Я, конечно, радуюсь, но…

— Ты что, бычка решил, Ваня, в зиму пустить? Говорил: зарода до свежей зелени довольно?

— А и не догадываешься? — начиная оберучник, произносит Иван. — Еланка-то Козлиной зовется! Вот для них, козлов, и накосим стожок. Да, да, для косуль, для наших лесных овечек!

— Фу ты! — смеюсь я и шлепаю себя по плешине. Полвека прожил, а до простого не додумался.

На еланке разнотравье густое, мягкое и до того пестрое — залюбуешься! И зверобой с душицей, и ромашки с козлобородником, и клевер с вязилем, и лабазник с журавельником, и чистец лесной с мягкими листьями еще весной отцветших медунок… Не еланка — настоящая зеленая аптека.

С приближением вечера пожаловали к нам и комары, днем «прижатые» жарой, а следом за ними вылетели и стрекозы. Мы с братом в поту «добиваем» еланку, а вокруг нас звонко стригут крылышками неутомимые охотницы. Вот и «свалили» траву, отпотевшую с росы, и присели передохнуть к березам. Иван глянул на часы и поднял указательный палец:

— Тихо, сей момент явятся хозяева принимать работу!

— Учетчик бригадный, да?

— А ты не смейся! Точно покажутся козлы, как по расписанию.

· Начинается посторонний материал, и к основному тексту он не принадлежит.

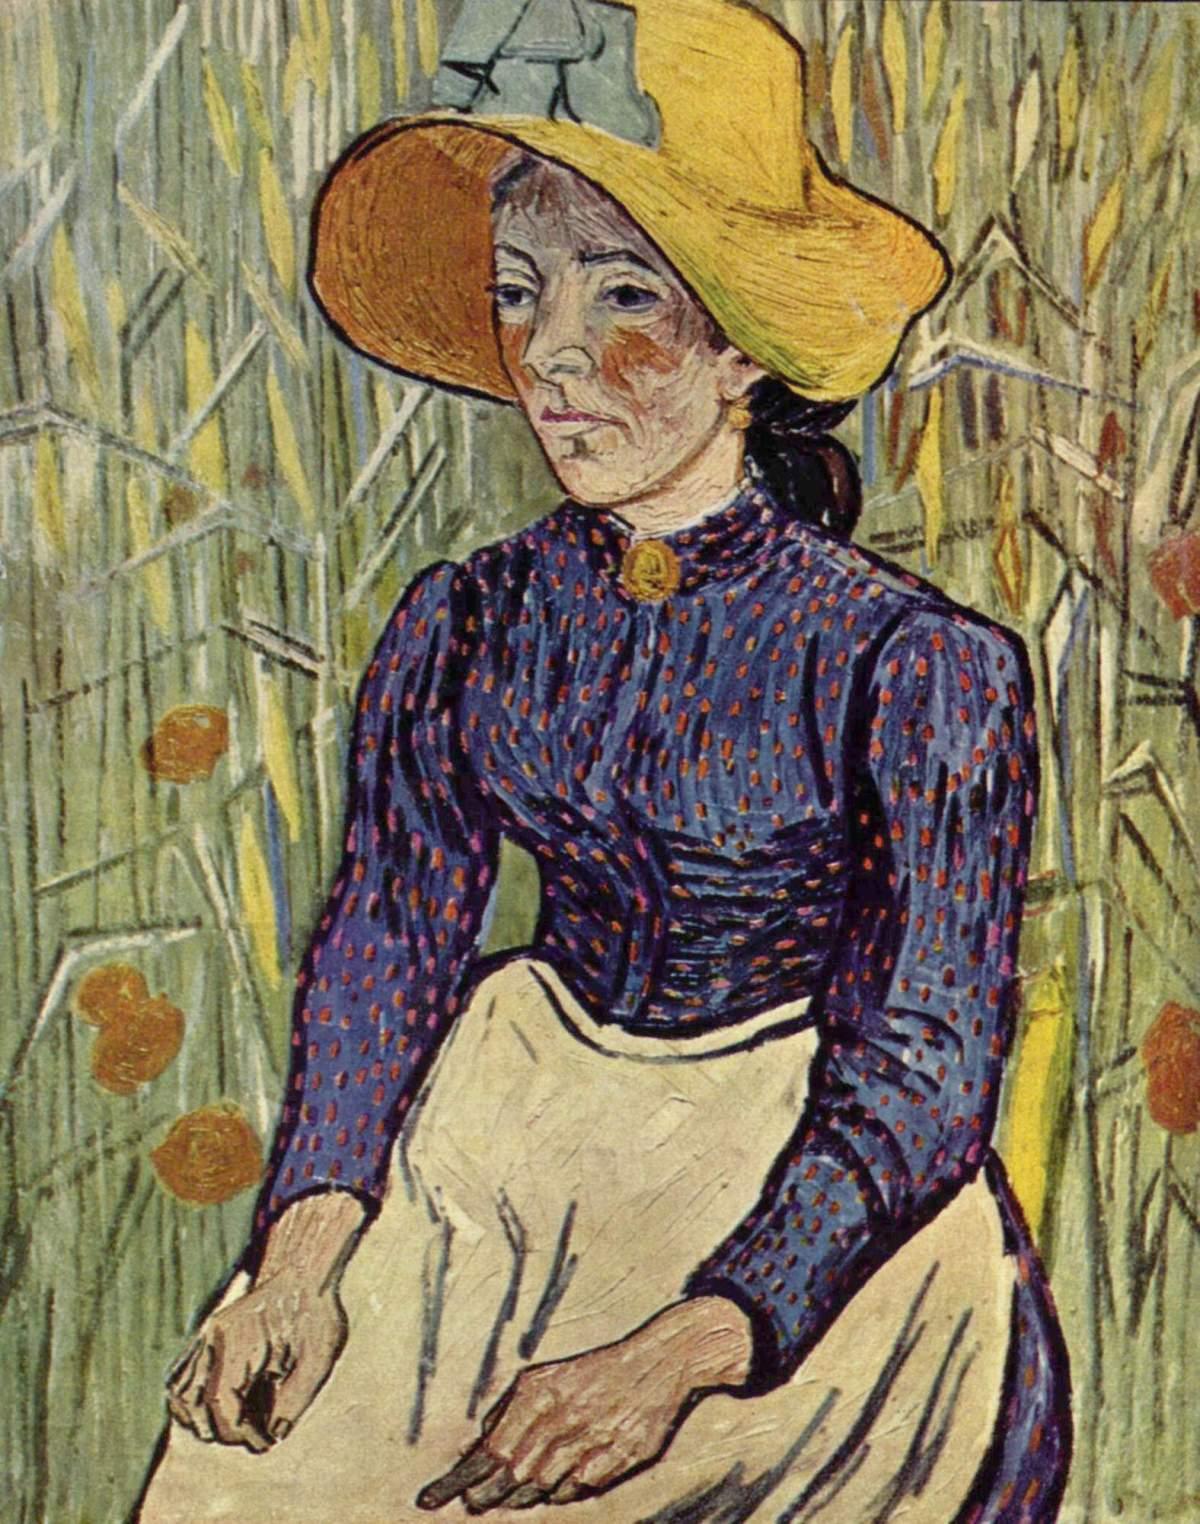 Vincent_Willem_van_Gogh_097
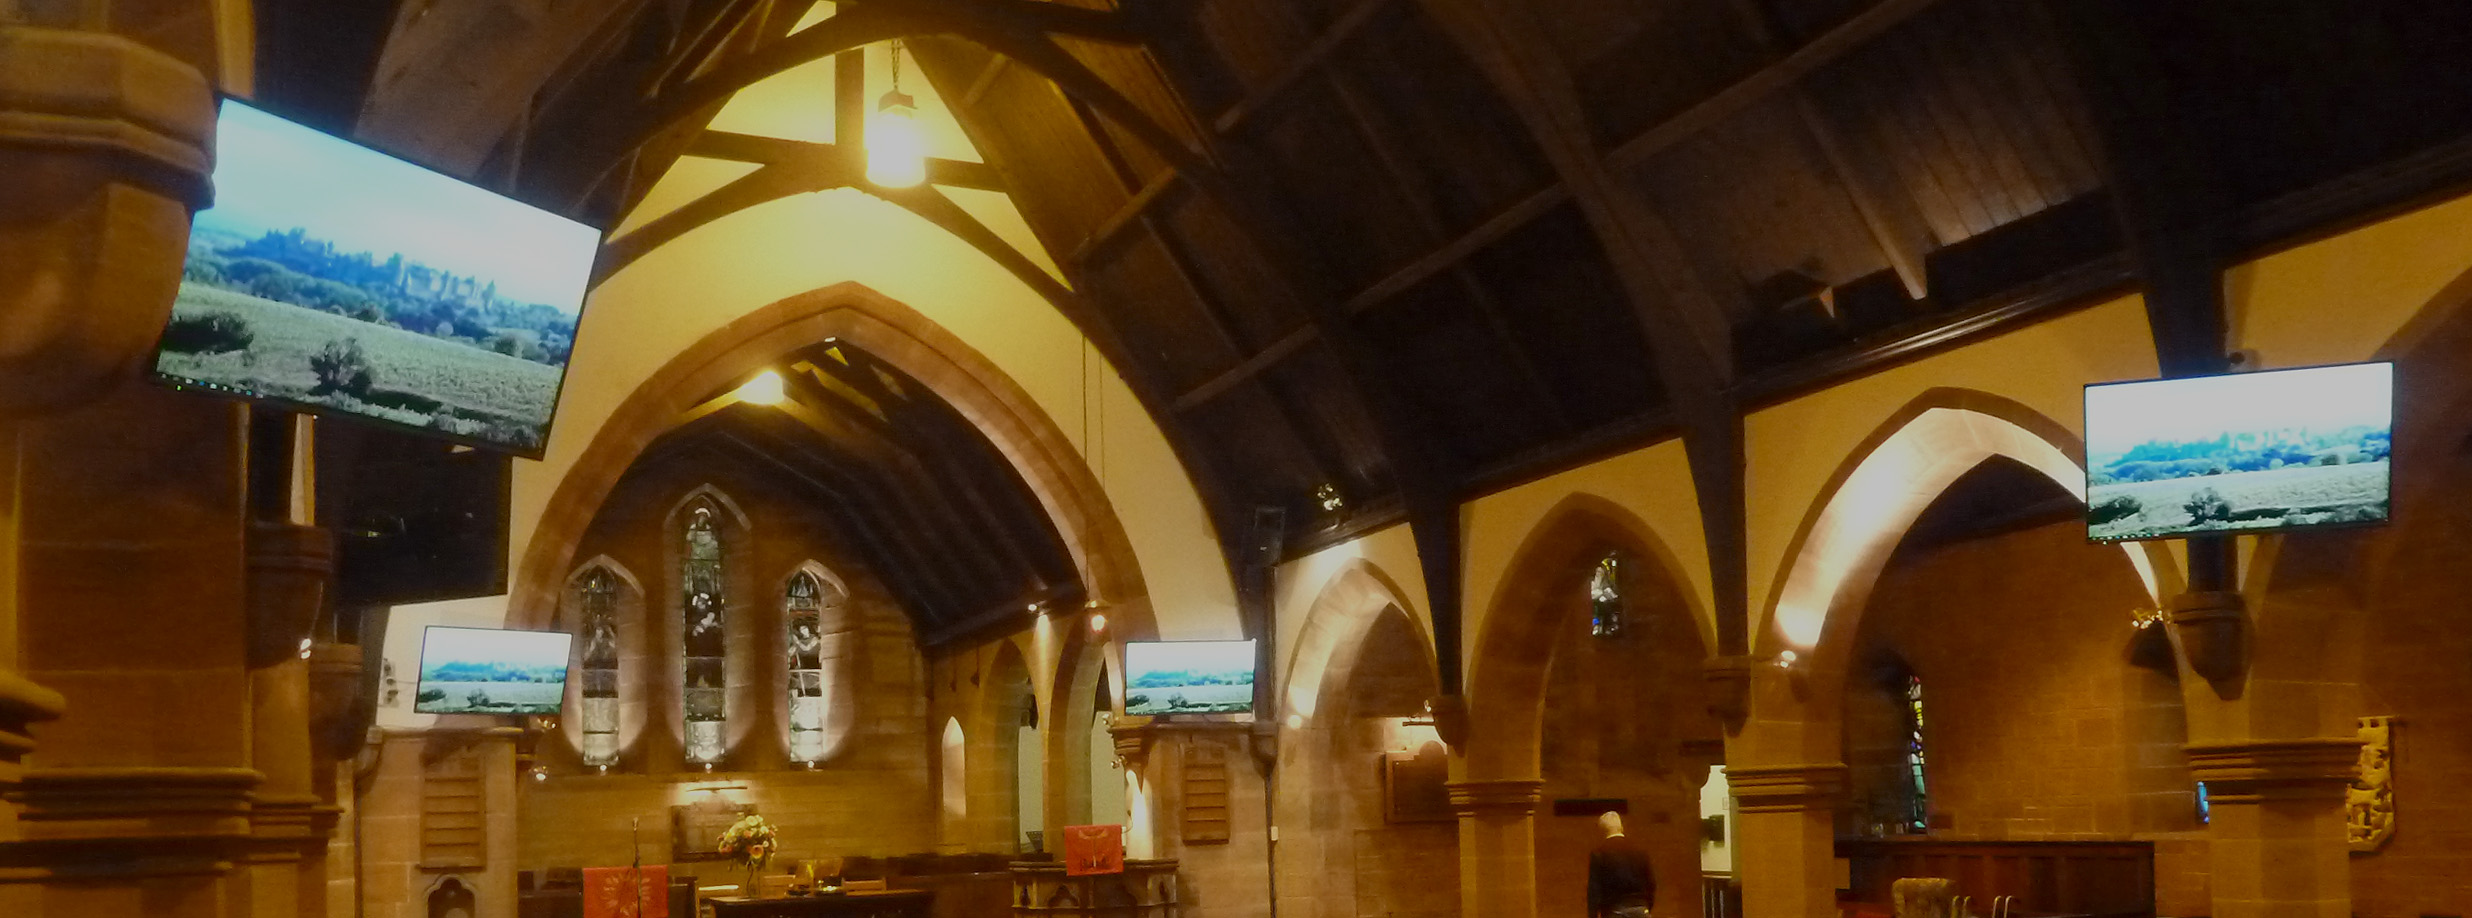 Cardonald Parish Church, Glasgow

Закатное солнце ушло, как я догадываюсь по сумеречному свету на еланке, за село Пески, и озеро сейчас такое же малиновое, как и вчерашним вечером, когда мы ходили с братом проверять ловушки. Я стоял на бело-песчаном берегу, а Иван в болотных сапогах брел по мелководью, и червонные волны неслышно тревожили озерную тишину. «Гольянов, поди, опять налезло», — успел подумать я, как ощутил легкий толчок Иванова локтя:

— Пришли, видишь?

Я пошарил глазами возле красноталины за еланкой и с трудом заметил красновато-серых козлов — матерого рогача, козлушку и рядом с ней нынешнего подростка. Вся семья в сборе, а не многовато ли сенца на троих? И тут же, словно ответом на мои вопросы, за спиной у нас в березнячке во все легкие рявкнул козел — глава второго семейства. Эхо зааукалось по рощам и затихло далеко у подножья увалов. Та первая троица исчезла в кустах, а из леса с топотком выбежала на кошенину другая троица — впереди козел, за ним мамаша с козленком. У вожака был такой боевой вид, будто бы он собирался повоевать за будущий стожок на затерявшейся в лесу еланке.

— Брысь! — неожиданно созоровал брат, и мы разом расхохотались. С испуга козел споткнулся и, подломив передние ноги, упал на колени. Но мгновенно взлетел в воздух и не перебежал, а пролетел еланку, и туда, где он затрещал тальником, махом последовали козлуха и сеголеток.

— Все, айда к «топтыжке»! — весело заторопил Иван, пряча литовки под валок травы. — Козлов здесь не пересчитать, а по убродине зимой им не до дележки станет, одним табуном собьются к стожку.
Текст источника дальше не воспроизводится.